Get access to everything we publish when you sign up for Outside+.
In issue 104, our 10th annual Photo Annual, we showcased 12 photographers and 1 collector that are at the top of their game in cycling photography. Here’s the extended interviews from Peloton magazine: The Photo Annual.
Berlin is an amazing city with so much history. A mix of old and new. Neighborhoods and amazing pockets of creativity. Do you find that Berlin still inspires your art after being there now for more than 20 years? For me, Berlin is still an island in Germany, even after 20 years. The city is changing, of course, and many changes are not necessarily better just because they are new. Observing things in the city, with all the people, visitors, the old and the new, the contrast, the history, all of this still inspires me.
If someone is visiting Berlin for the first time, and because you are a local, give us the perfect day out in Berlin. Difficult to say. Everyone has their time and their way of having a perfect day. For me it is to cycle through the still clear air in the morning, out of the city and back in again. Then a coffee and a small breakfast in the Zeit für Brot bakery. Continue through the gallery landscape in Berlin Mitte and then relax in the park on Weinbergsweg. In the evening with friends for a good drink and for dinner, for example in the Prater Restaurant in Prenzlauer Berg. Of course, everything in the city by bike!
How did the project “Le Mineral du Tour” come about and what were you trying to achieve with it? “Le Mineral du Tour” is just one stage of my overall project, which is likely to stretch over 20 years. (This year it was my 18th Tour.) But it describes quite well what I’m about. With my work I would like to break the Tour down into its individual parts. Metaphorically speaking, I try to mineralize it, to distill it, to understand its core. Beyond sport. Close to the people with pictures and series of pictures that tell stories. ”Le Mineral du Tour” shows works from 2020. It is the first part of a trilogy for the years 2020–2022.
Your work with Canyon continues and the Artist Edition bike was a huge success. Any more of that coming your way? That’s a good question. The Artist Edition was indeed a very special, beautiful and successful project. It came after the CAPTURED bike (2013), the second special edition that I realized with Canyon. I would never be averse to continuing this, but right now we have other exciting projects on the table that we are working on with great enthusiasm.
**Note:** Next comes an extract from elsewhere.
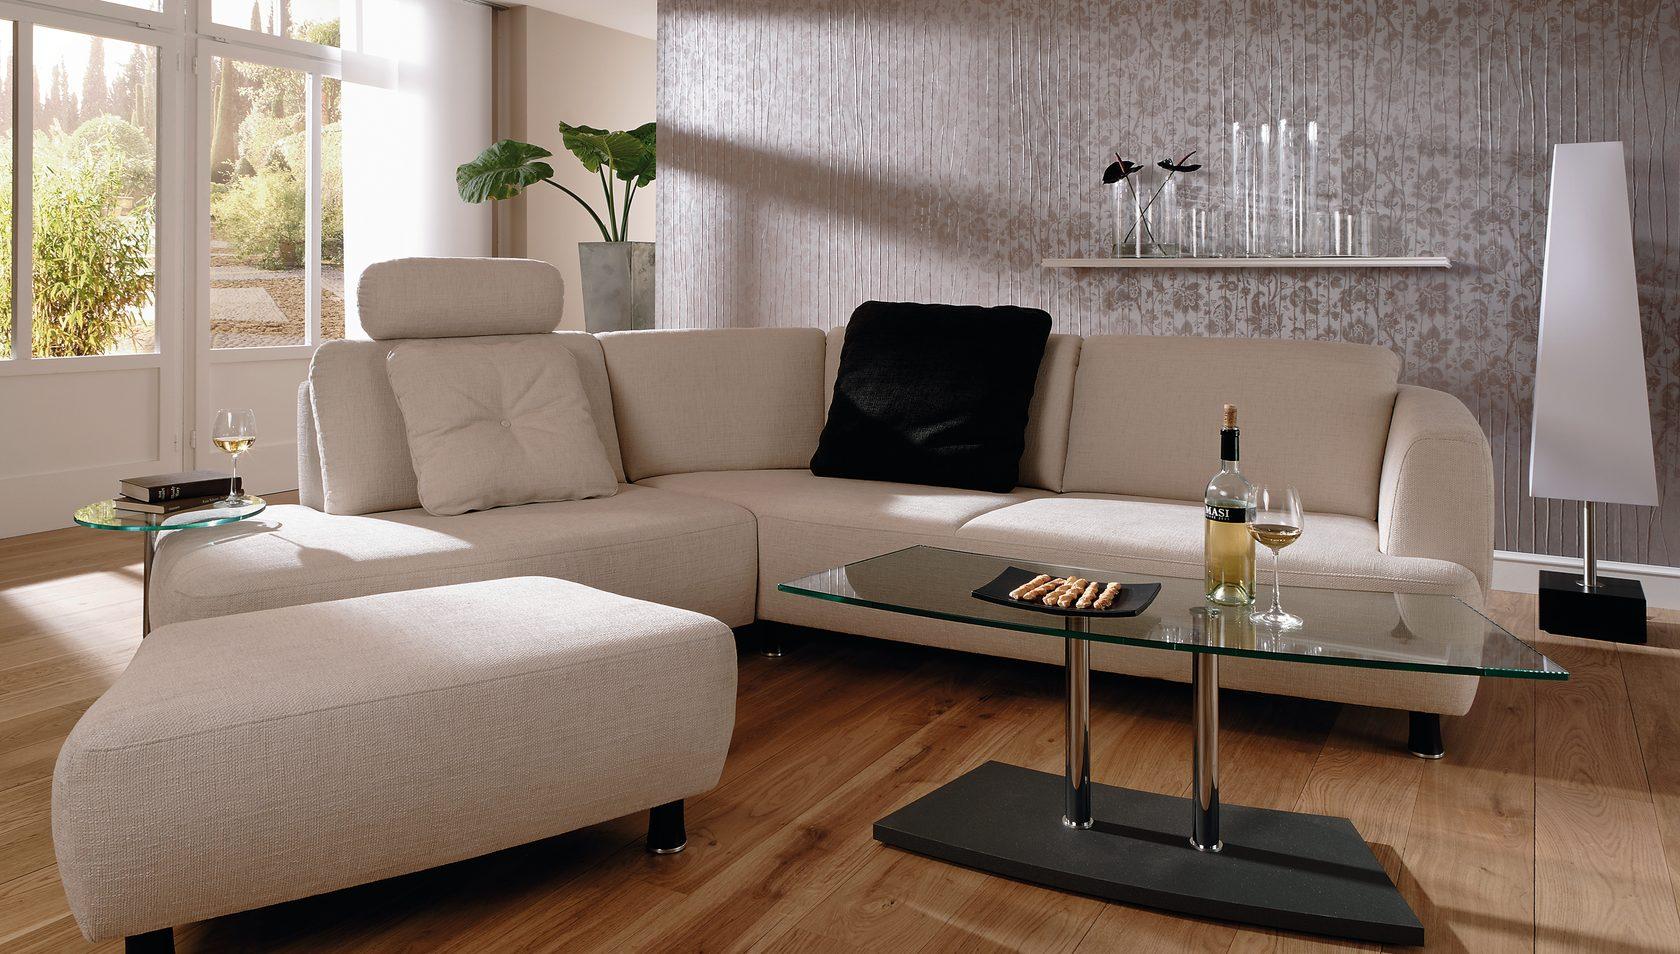 ol ron meubles mr150 ol ron meubles. Black Bedroom Furniture Sets. Home Design Ideas

While you are a photographer, you studied design in college. How much does that learning come into the way you capture an image? For me, photography has always been something fundamental with sight. Learning to use the camera (you don’t need to study to do that). For me, design, the interpretation of form and space, is something that is fundamentally linked to photography. Studying design has shaped my feeling for design, my knowledge about it and I think it also influenced the way I see things around us as a photographer.
The Covid pandemic has limited travel. How does it feel to travel and get out doing your art? It is of course a big change for everyone, but also for us photographers. For me it is essential to show closeness to people and things. Closeness without the use of tele lenses; I mean physical closeness. Pulling the viewer into the pictures—that is very difficult at the moment. Taking the Tour as an example. Outside of the race, it is very difficult to impossible to work behind the scenes as it was before Covid-19. It forces us to rethink in parts in order to produce exciting images.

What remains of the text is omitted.